Why does a query change plans when the stats have not changed?

I was recently asked to investigate a performance issue on one of our customer's production systems. Some comparative analysis of AWR reports between 'good' and 'bad' periods showed that the queries being run by the part of the application that had problems were circa 50% slower but what really caught my attention was an unrelated query that had jumped from about 8th place in the AWR response time 'offenders' list up to first place. It was also accounting for huge amounts of logical I/O and a fair bit of physical I/O.

Looking in more detail at this query we got AWR SQL reports that showed its performance during the 'good' and 'bad' periods. These showed that a different plan was in use during the 'bad' period. This plan had a table scan whereas the other plan used an index lookup. It has to be said though that neither plan can have been all that great - if the index plan was 'good' then the query shouldn't have been in the AWR top 10 offenders list at all.

So we knew that the query was changing plans. We've seen this problem before and the usual first step is to go and check the statistics on the table. We did this and found that the stats were just over a week old (i..e not really 'stale') and that they had not changed at all between the 'good' and 'bad' periods of performance.

So, that brought us back to the frequently asked question 'why does a query change plans when the stats have not changed?'. Richard Foote has written a good article about this and suggests one explanation…

http://richardfoote.wordpress.com/2010/02/16/how-does-an-execution-plan-suddenly-change-when-the-statistics-remain-the-same-in-limbo/

We did some more checking and proved to ourselves that Richard's explanation (that the data being queried is newer than the histograms in the table stats so the optimizer can't get a good cost estimate) did not fit our situation.

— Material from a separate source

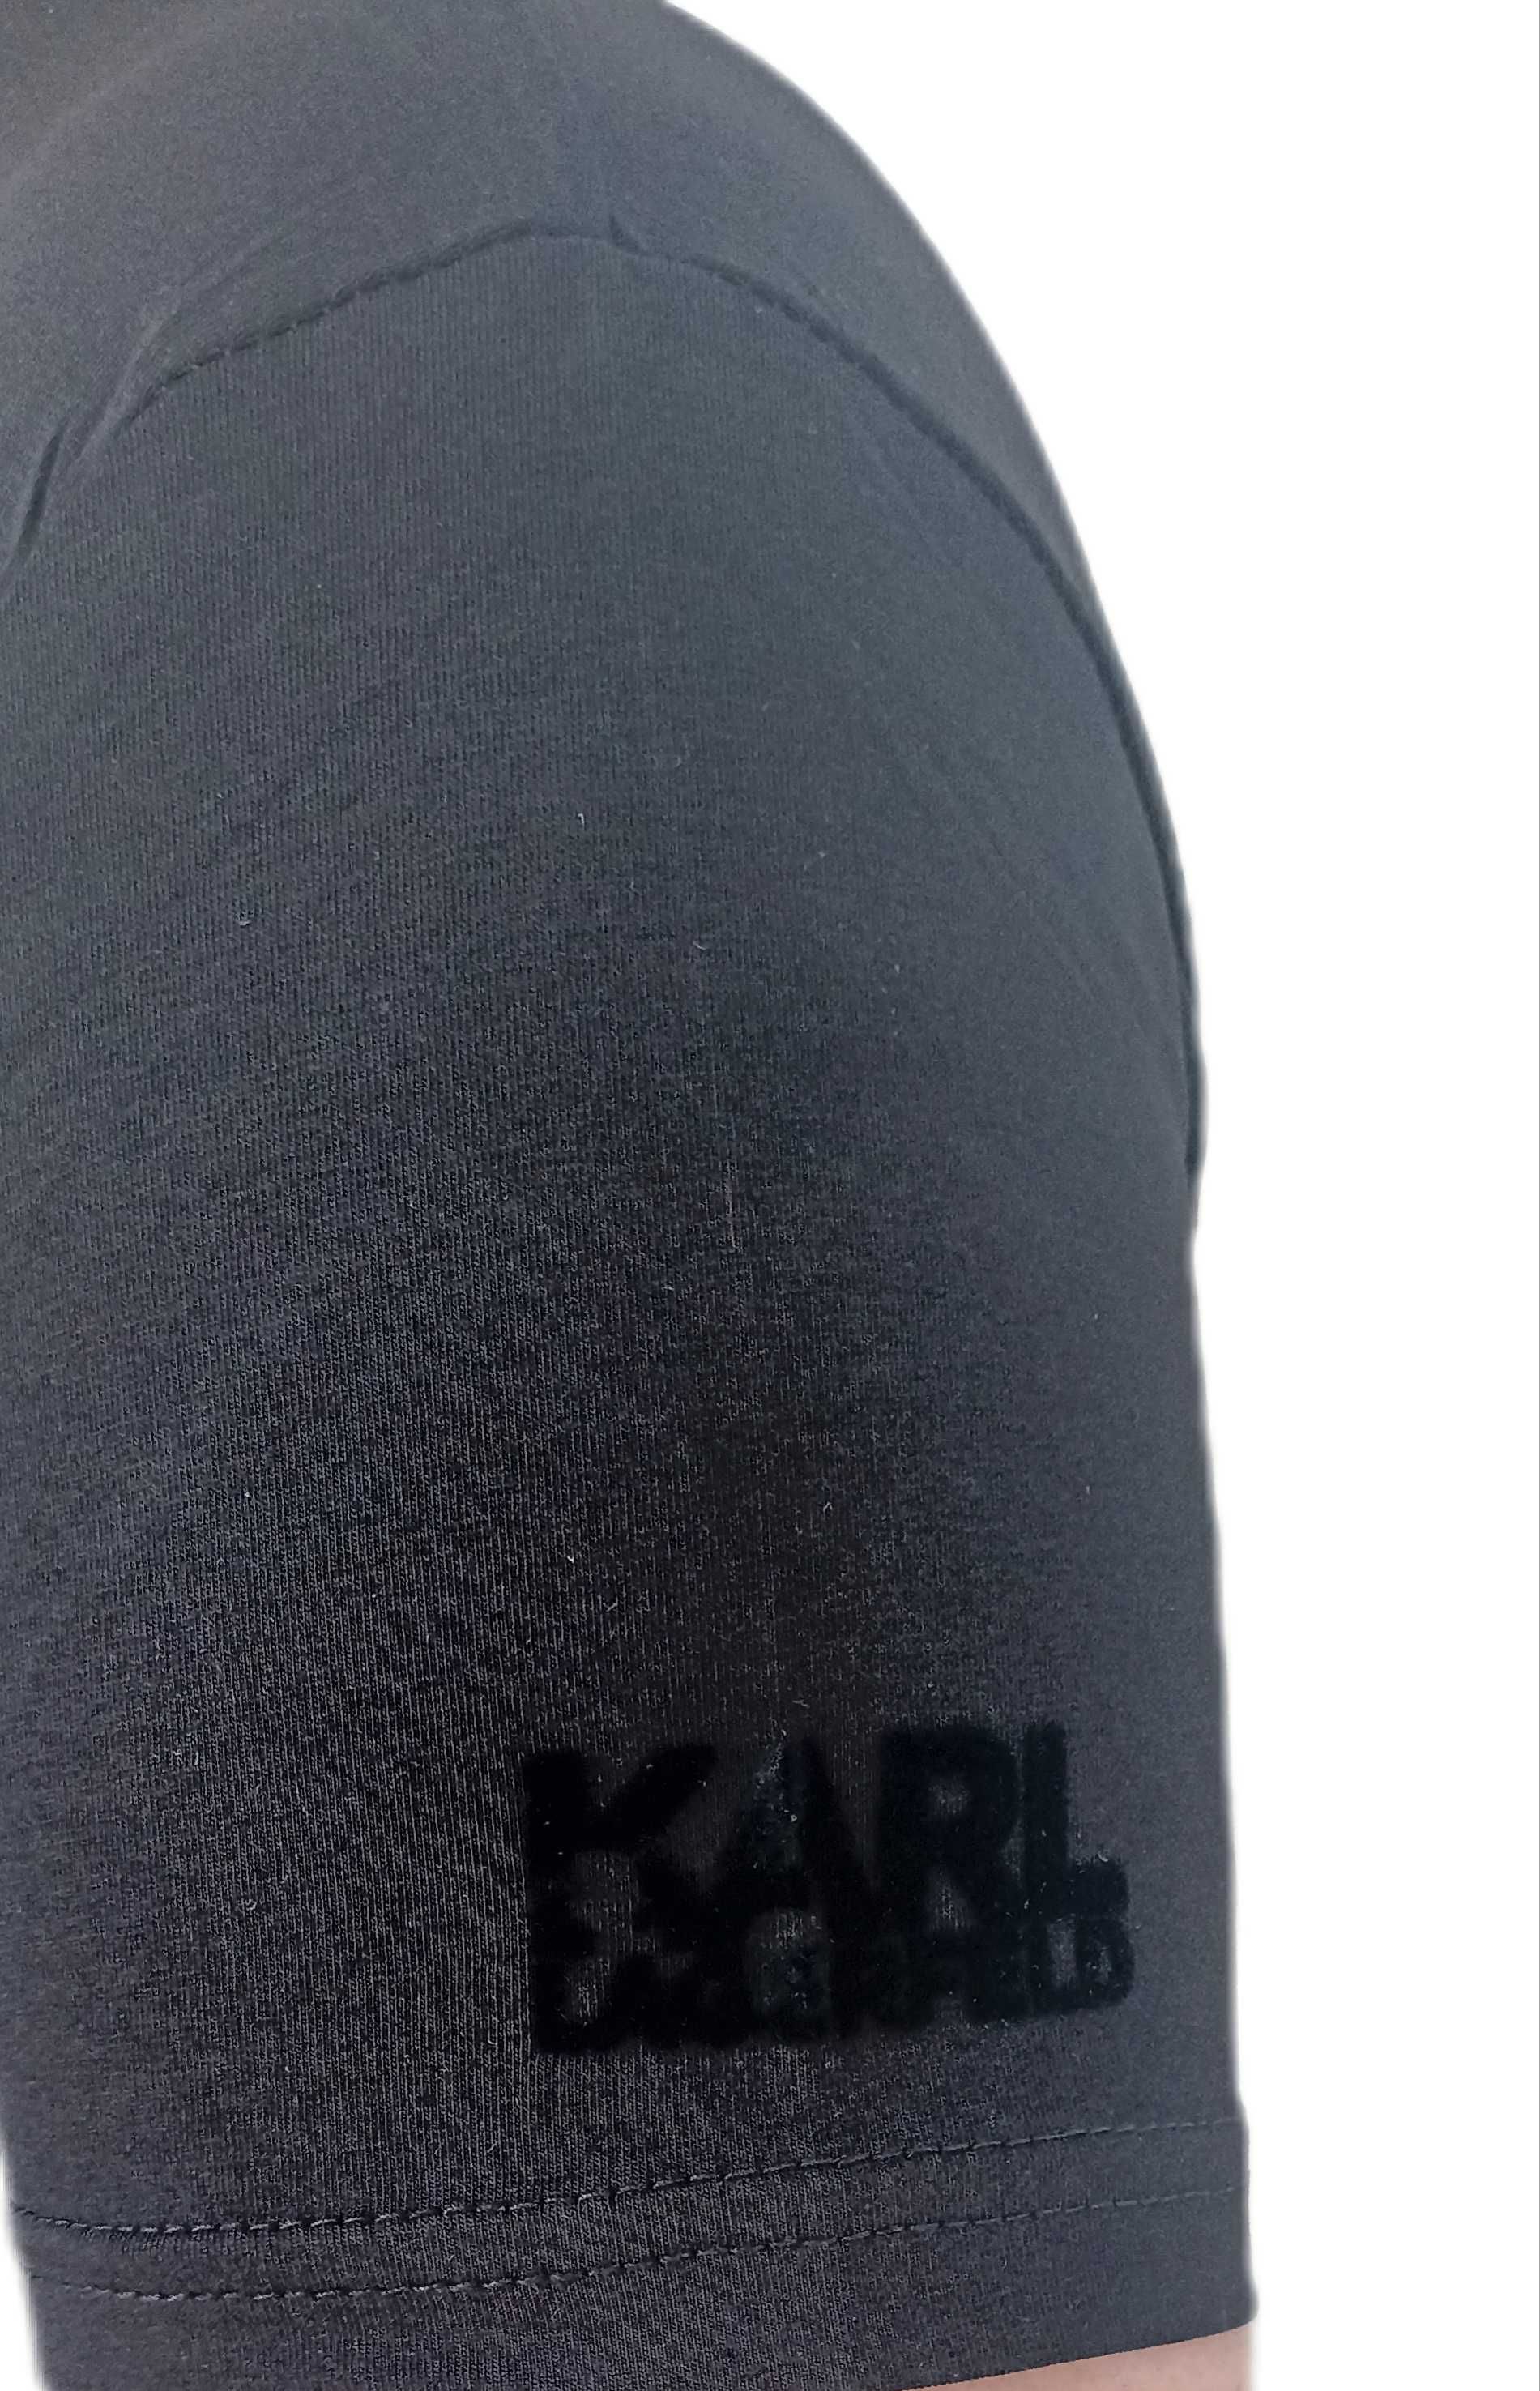 Karl Lagerfeld T-shirt koszulka czarna r.S
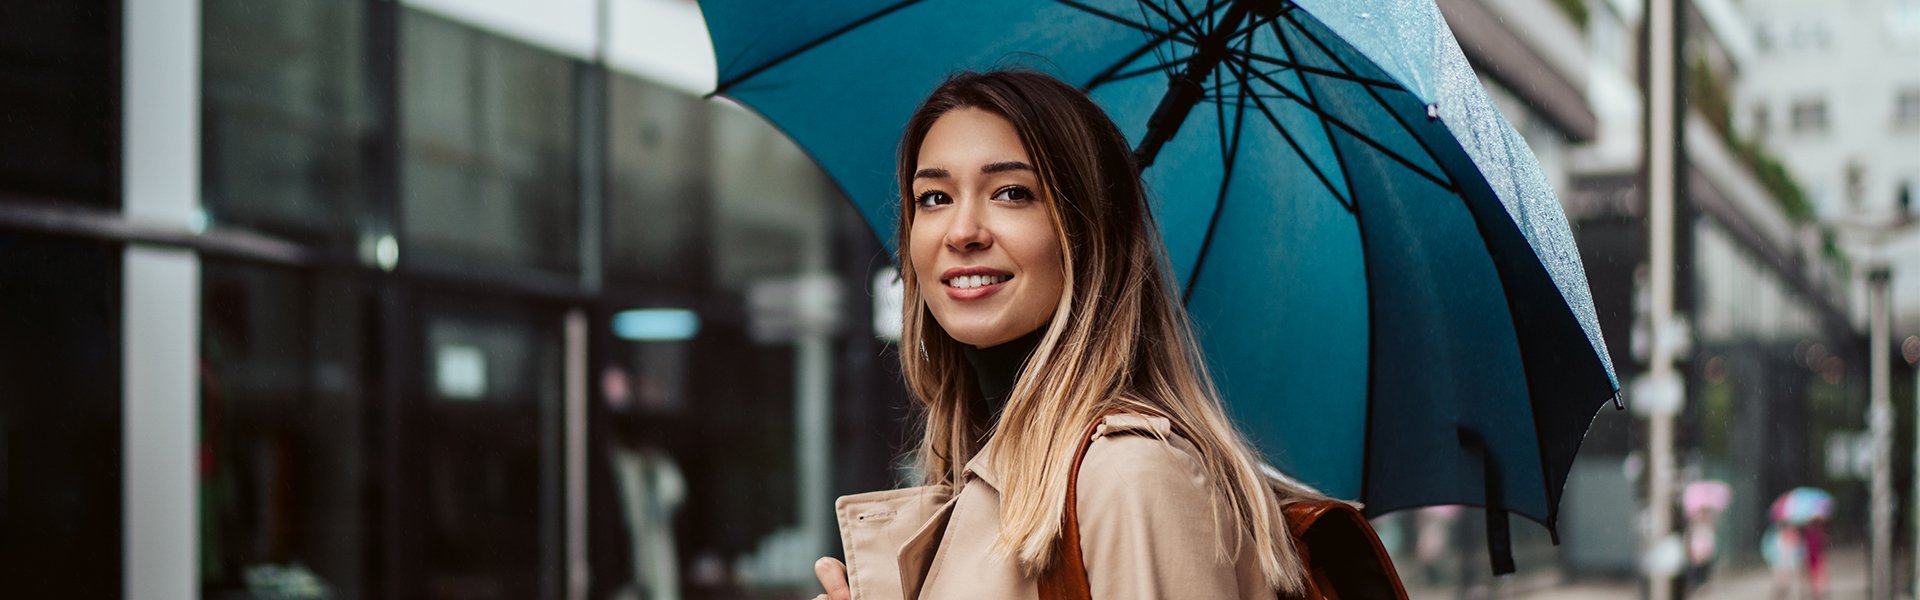 Woman holding umbrella in rainy weather

Sometimes our data was older than the stats, sometimes newer. In principle then, Richards explanation might fit. We checked the AWR data for this query manually over the past several days. In each AWR snapshot period we found that there was just one plan and that the plan seemed to be stable for more than 12 hours before switching again. This didn't fit Richard's explanation - the application would typically be hitting a mix of older and newer data so we should see both plans being used during the same period.

We shifted over to a test system and found a couple of key values - one that would access data that was older than the stats and one newer. The shared pool was flushed before each test to force Oracle to 'forget' any previous decisions about the plan. We found that both the older and the newer key values would choose the index plan in spite of the lack of histogram data for the newer key value.

We then looked in more detail at the query and how the application used it. We found that it was being used to query a relationship that had very variable cardinality. Sometimes it would find just 2 or 3 related objects, other times (by design) it would find tens of thousands or even hundreds of thousands. We then tried testing using key values that would find low cardinality against ones with high cardinality. When we picked the high cardinality key we found that it picked the table scan plan - so there was the initial answer to the question…

• Q: 'why does a query change plans when the stats have not changed?'

• A: 'because the optimizer uses bind variable peeking and can quite correctly decide on different plans because different key values result in large differences in cardinality'

The snag was that the results of our earlier AWR queries also meant that this was not the full explanation of our problem - if bind variable peeking was the full explanation then we should see both plans being used during each snapshot.

We did some more tests and discovered that if we ran the high cardinality test first and then ran the low cardinality keys immediately afterwards (without flushing the shared pool), the low cardinality key would also use the table scan plan (and run slowly). We could also reverse the two tests and cause the high cardinality key to use the index lookup plan.

The Oracle documentation seems to provide the explanation for this…

http://download.oracle.com/docs/cd/B19306_01/server.102/b14211/optimops.htm

"On subsequent invocations of the cursor, no peeking takes place, and the cursor is shared, based on the standard cursor-sharing criteria, even if subsequent invocations use different bind values"

So basically if the two queries pass the cursor sharing test (which in our case they would) then bind variable peeking is only done for the first run of the query and the optimizer assumes that the plan is good for any subsequent invocations.

So what was happening in our production system was that…

• Usually the low cardinality query would run and cause the optimizer to choose the index lookup plan.
• Sometimes the query would be evicted from the library cache by other activity
• If the query is not in the library cache and the next run of the query has a high cardinality, the optimizer will choose the table scan plan
• All subsequent invocations of the query would then use the table scan plan until the query was again evicted from the library cache. For low cardinality queries this resulted in the performance issue that we saw.

There are probably lots of potential solutions to this. SQL hints and Oracle 11 SQL profiles spring to mind. In our case upgrading to Oracle 11 or changing the application were not practical so we created a new composite index that covered more of the 'where' clause and would persuade the optimizer to choose an index lookup regardless of whether the cardinality was high or low.